[Opening Collected data section]
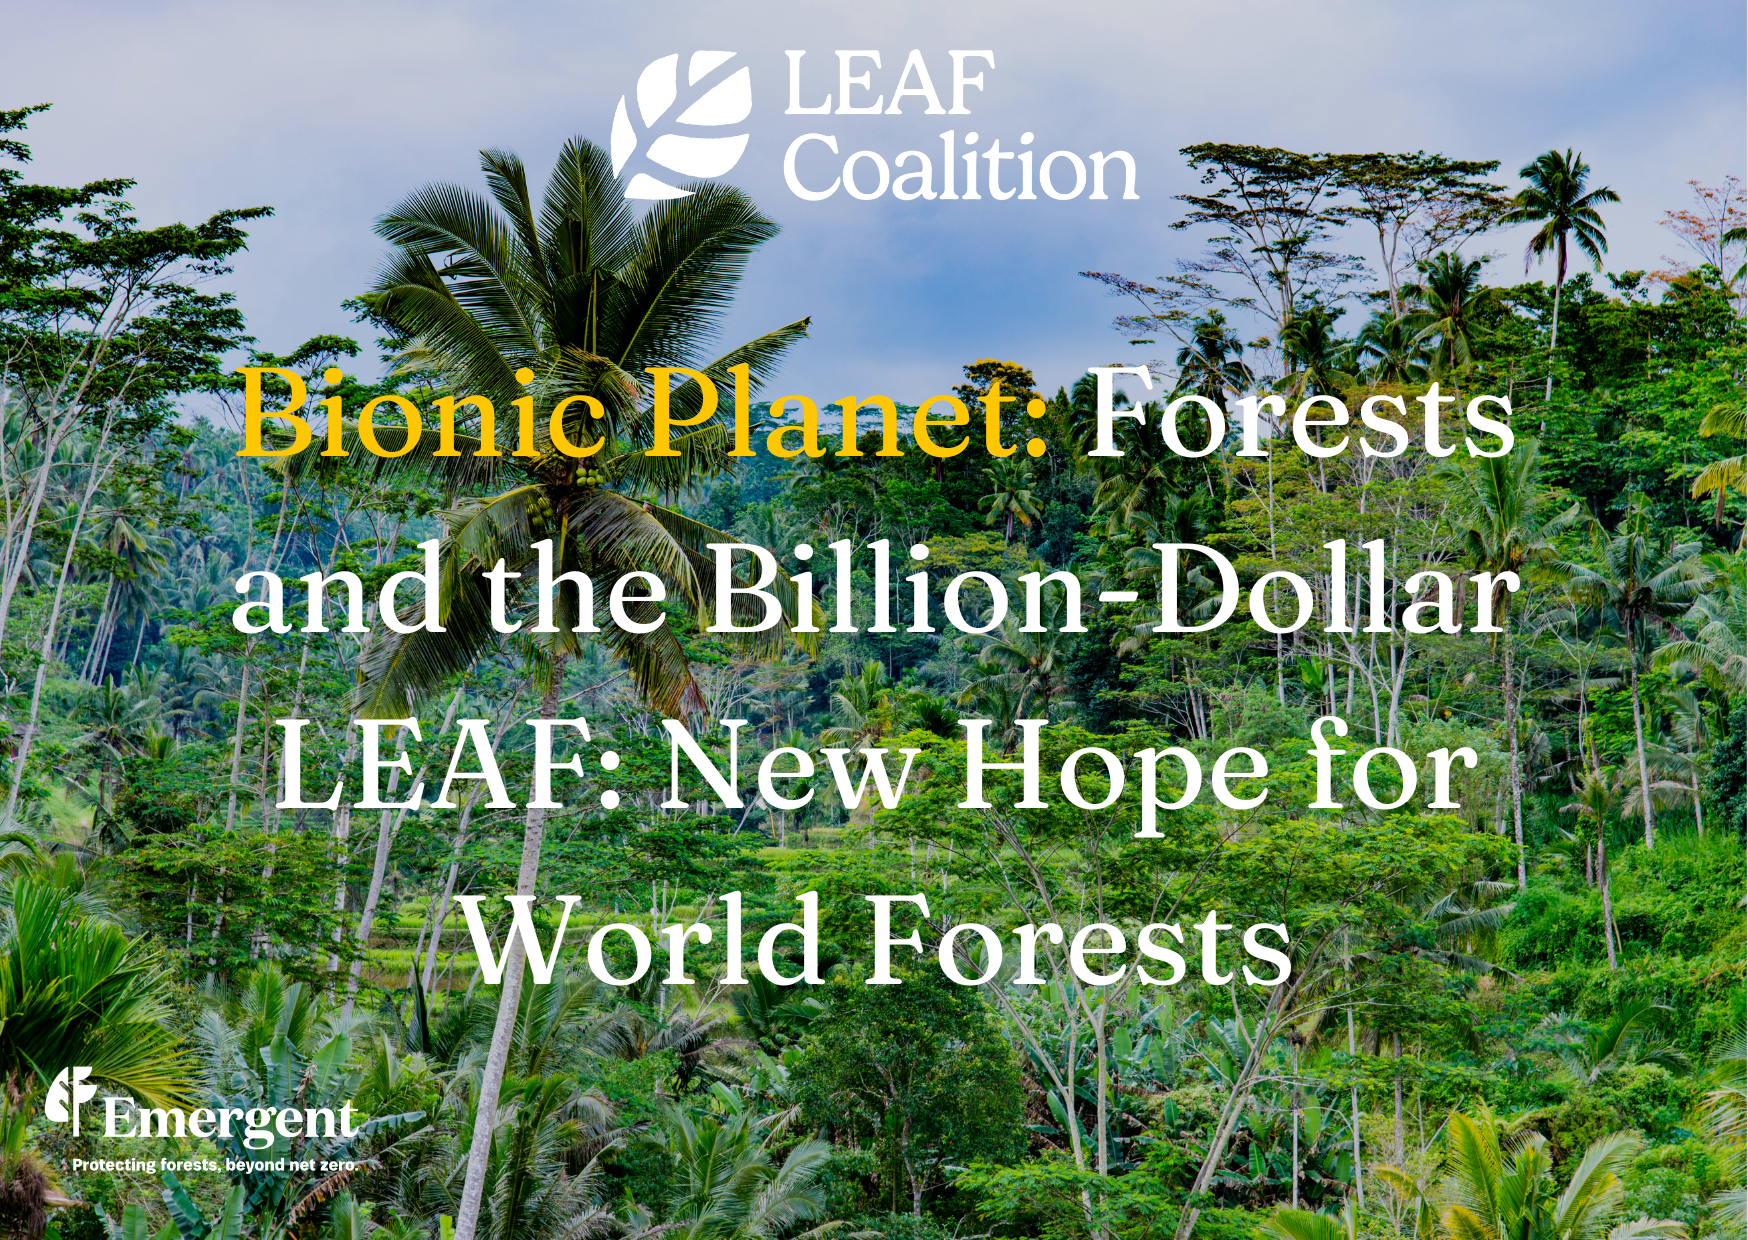 Forests and the Billion-Dollar LEAF: New Hope for World Forests
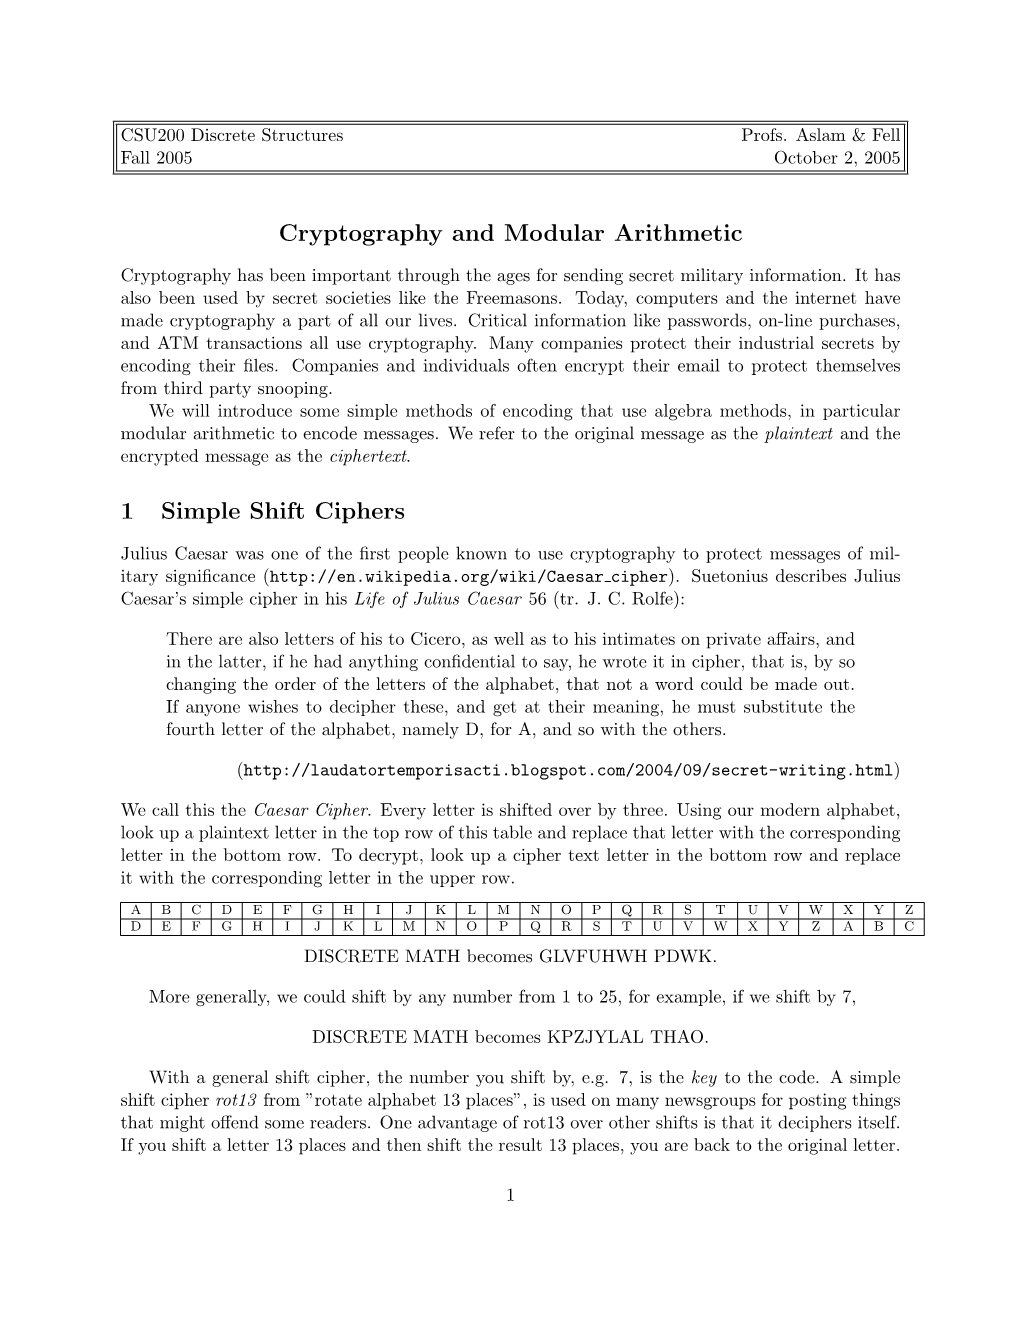 Cryptography and Modular Arithmetic 1 Simple Shift Ciphers
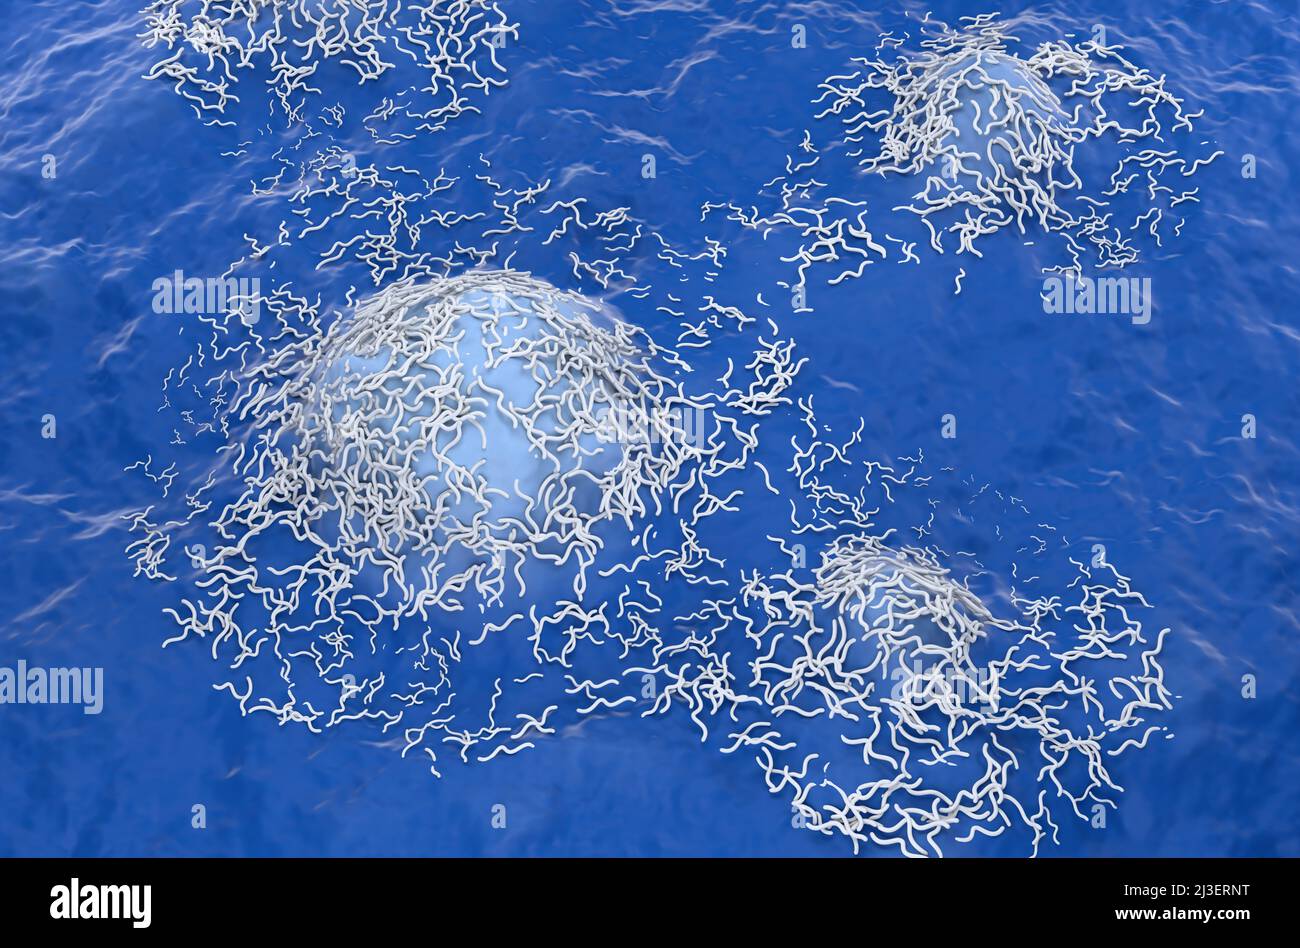 Ependymoma cancer cells (brain tumor) - isometric view 3d illustration Stock Photo
[Closing Collected data section]
Work request
The copy should hold exactly the lines from the line containing "Cryptography and Modular" through the end of the data, both ends included, and no pictures.

Answer space
 Cryptography and Modular Arithmetic 1 Simple Shift Ciphers
 Ependymoma cancer cells (brain tumor) - isometric view 3d illustration Stock Photo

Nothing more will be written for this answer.